Over the weekend, I learned the hard way what happens when you deviate from Vmware’s HCL list.
Many months back, I’d decided on HP EX920 1TB NVM drives for my home lab ESXI 6.7 U1 hosts
For reference, the hardware for my hosts is level-set as follows:
HP EliteDesk 800 G3 SFF (not on vmware HCL)
Intel Core i5-6500 CPU – 4 cores / 4 threads (on vmware HCL)
32 GB DDR4 SDRAM
Intel X520 dual port 10 GB nic (on vmware HCL)
Intel quad port NIC i350-T4 (on vmware HCL)
The HP EX920 1 TB NVM drives were installed into of the above ESXi 6.7 hosts U1 hosts a few months back, and were running without issue
Last month, I took 2/3 of the hosts and created a two-node vSan cluster, that’s where the trouble started.
Shortly after creating the vSan cluster, the vmware auto update manager indicated my vSan components were out of date, and required a critical fix. I happily applied ESXi 6.7 U2 to both hosts, on reboot, my NVM drives were gone. After a few minutes of internet searching, I landed here:
https://www.virtuallyghetto.com/2019/05/quick-tip-crucial-nvme-ssd-not-recognized-by-esxi-6-7.html
I followed the work-around in the blog, which was simply to take the NVME.000 driver from an ESXI 6.5 build, copy it to /bootbank and reboot the host. Nice! My NVM drives reappeared. Shortly after completing this step, I ended up removing my vSan config as I needed the hosts to study for some upcoming Citrix cert exams
As of the time of this blog posts, the hosts are just running local storage and I run periodic manual vMotions over 10 GBe (fast!)

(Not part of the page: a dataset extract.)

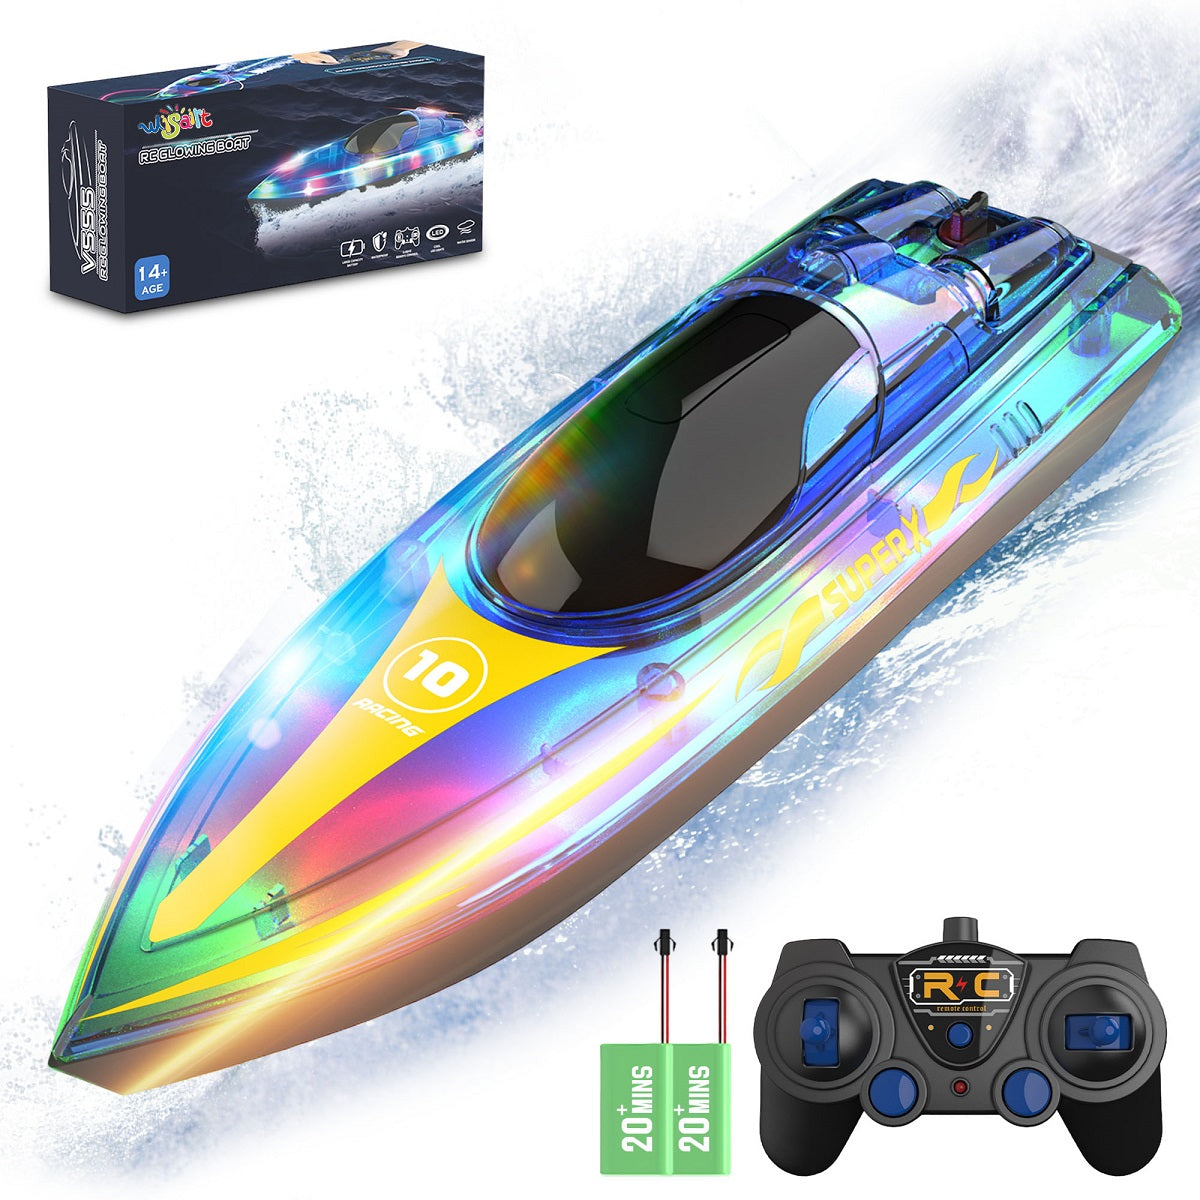 WISAIRT RC Boat,Remote Control Boat with Led Lights for Adults and Kids

Over the weekend, I was running some manual vMotions between the hosts over 10 GBe and noted some very odd behavior:
Attempting to run vMotions of 3 or more VMs from the HP EX920 NVM internally to another SSD in the same host, or to another host’s drive over 10 GBe would result in the HP EX920 going offline approx 5 mins after the vMotion job completed
As I was aware that my NVM driver was taken from an earlier version of ESXi, I decided to repro the issue on various older versions of ESXi. At home, I can provision these HP hosts very quickly, as each is connected to an IP KVM, and I keep spare USB drives. So, I was able to test out ESXi 6.5, ESXi 6.7 GA, ESXI 6.7 U1 and U2 . Once the base ESXI image was installed, I use host profiles to get up and running. Here’s what I found:
Regardless of the ESXI version/build I chose, the issue was easily reproduced. 3+ or more vMotions and the HP EX920 would fall over
In one of my other ESXi hosts, I had a spare Samsung 970 EVO Plus NVM unit. I decided to attempt to repro the issue on the same ESXI versions/builds using this drive, I wasn’t able to! My conclusion, the HP EX920 doesn’t play nice with ESXi 6.5 / 6.7, regardless of which NVM driver you use. Others have reported similar results here and here
- THE GOOD:The issue appears to be isolated to the HP EX920 NVMs
- THE BAD: I own three of the affected units
- THE UGLY: See above
Anyway, I purchased a pair of replacements ; Samsung 970 EVO Plus 1TB NVM
All 3 units have been posted for sale on KIJIJI, the next owner will be explicitly warned not to use them in an ESXi host!